------ Supplied material ------

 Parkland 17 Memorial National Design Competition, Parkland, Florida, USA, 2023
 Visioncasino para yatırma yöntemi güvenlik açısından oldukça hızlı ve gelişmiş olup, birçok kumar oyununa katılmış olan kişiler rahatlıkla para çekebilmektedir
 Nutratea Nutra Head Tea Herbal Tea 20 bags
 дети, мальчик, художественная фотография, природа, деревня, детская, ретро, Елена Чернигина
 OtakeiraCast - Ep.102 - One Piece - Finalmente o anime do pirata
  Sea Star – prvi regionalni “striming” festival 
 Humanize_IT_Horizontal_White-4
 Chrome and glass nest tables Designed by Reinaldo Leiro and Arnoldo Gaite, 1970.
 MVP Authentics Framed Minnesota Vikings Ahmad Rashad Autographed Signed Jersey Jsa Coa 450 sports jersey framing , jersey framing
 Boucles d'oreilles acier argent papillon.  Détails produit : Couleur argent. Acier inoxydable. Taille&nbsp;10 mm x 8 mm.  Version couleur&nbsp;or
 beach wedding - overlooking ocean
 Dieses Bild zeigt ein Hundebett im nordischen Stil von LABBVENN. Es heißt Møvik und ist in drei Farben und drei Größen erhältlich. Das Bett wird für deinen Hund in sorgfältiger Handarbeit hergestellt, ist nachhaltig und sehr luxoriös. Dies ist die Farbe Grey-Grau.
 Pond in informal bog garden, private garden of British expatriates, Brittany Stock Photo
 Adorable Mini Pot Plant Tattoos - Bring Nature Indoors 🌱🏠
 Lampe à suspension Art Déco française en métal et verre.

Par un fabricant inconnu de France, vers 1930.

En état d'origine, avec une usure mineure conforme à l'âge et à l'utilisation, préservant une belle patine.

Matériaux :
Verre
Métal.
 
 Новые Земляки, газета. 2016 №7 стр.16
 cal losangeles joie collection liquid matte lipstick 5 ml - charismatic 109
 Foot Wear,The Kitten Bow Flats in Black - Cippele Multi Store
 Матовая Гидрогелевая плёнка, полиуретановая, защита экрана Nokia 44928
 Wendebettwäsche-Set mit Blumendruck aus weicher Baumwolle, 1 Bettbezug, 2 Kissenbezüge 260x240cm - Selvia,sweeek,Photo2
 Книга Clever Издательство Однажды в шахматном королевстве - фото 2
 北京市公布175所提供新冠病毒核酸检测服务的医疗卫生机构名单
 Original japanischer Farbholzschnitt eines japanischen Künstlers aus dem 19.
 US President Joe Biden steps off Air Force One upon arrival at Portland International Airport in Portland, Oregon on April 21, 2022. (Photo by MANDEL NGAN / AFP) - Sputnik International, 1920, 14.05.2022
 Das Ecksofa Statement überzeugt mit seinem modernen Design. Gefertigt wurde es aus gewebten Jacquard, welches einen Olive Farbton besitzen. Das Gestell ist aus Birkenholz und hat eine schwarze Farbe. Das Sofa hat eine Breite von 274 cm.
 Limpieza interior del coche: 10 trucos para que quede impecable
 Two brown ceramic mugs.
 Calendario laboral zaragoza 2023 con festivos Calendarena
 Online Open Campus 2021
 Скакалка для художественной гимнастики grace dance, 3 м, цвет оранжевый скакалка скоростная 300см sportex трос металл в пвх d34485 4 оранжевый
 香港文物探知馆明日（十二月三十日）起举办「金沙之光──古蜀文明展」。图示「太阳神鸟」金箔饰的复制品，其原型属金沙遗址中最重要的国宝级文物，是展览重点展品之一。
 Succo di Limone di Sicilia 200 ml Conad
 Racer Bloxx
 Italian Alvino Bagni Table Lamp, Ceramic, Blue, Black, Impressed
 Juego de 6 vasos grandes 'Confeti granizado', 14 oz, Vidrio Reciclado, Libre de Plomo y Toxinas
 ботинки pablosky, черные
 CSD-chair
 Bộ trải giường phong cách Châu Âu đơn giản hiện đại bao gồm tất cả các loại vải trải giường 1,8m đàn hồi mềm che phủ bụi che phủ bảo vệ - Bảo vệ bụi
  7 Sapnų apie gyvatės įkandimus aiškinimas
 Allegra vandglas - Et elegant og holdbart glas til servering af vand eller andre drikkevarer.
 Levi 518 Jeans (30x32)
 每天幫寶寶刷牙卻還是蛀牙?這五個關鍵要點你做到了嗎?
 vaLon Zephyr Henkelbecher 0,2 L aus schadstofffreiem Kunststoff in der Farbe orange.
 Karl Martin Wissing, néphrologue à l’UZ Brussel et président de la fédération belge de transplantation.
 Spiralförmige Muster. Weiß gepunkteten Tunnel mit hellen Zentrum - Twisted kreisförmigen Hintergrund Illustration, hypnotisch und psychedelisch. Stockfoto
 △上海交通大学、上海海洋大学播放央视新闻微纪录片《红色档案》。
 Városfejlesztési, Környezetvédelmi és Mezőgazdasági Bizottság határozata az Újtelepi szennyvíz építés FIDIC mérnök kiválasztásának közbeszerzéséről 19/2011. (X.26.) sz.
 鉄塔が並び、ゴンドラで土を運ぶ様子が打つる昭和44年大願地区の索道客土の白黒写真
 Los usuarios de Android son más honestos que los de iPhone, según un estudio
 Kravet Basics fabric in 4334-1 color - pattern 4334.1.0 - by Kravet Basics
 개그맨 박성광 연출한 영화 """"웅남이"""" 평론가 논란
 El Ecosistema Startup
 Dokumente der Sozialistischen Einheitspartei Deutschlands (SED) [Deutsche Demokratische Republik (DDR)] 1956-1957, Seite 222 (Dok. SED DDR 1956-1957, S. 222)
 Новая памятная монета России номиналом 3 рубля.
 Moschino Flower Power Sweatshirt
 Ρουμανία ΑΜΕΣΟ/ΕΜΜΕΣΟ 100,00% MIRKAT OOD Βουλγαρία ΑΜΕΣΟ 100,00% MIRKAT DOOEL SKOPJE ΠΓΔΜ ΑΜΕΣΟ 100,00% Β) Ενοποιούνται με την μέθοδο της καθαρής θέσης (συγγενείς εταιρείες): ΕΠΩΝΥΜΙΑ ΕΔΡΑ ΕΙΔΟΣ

------

- Task to carry out
Lines holding the word "para" in the records above: how many are there? Answer with the number only.

- Exercise response
2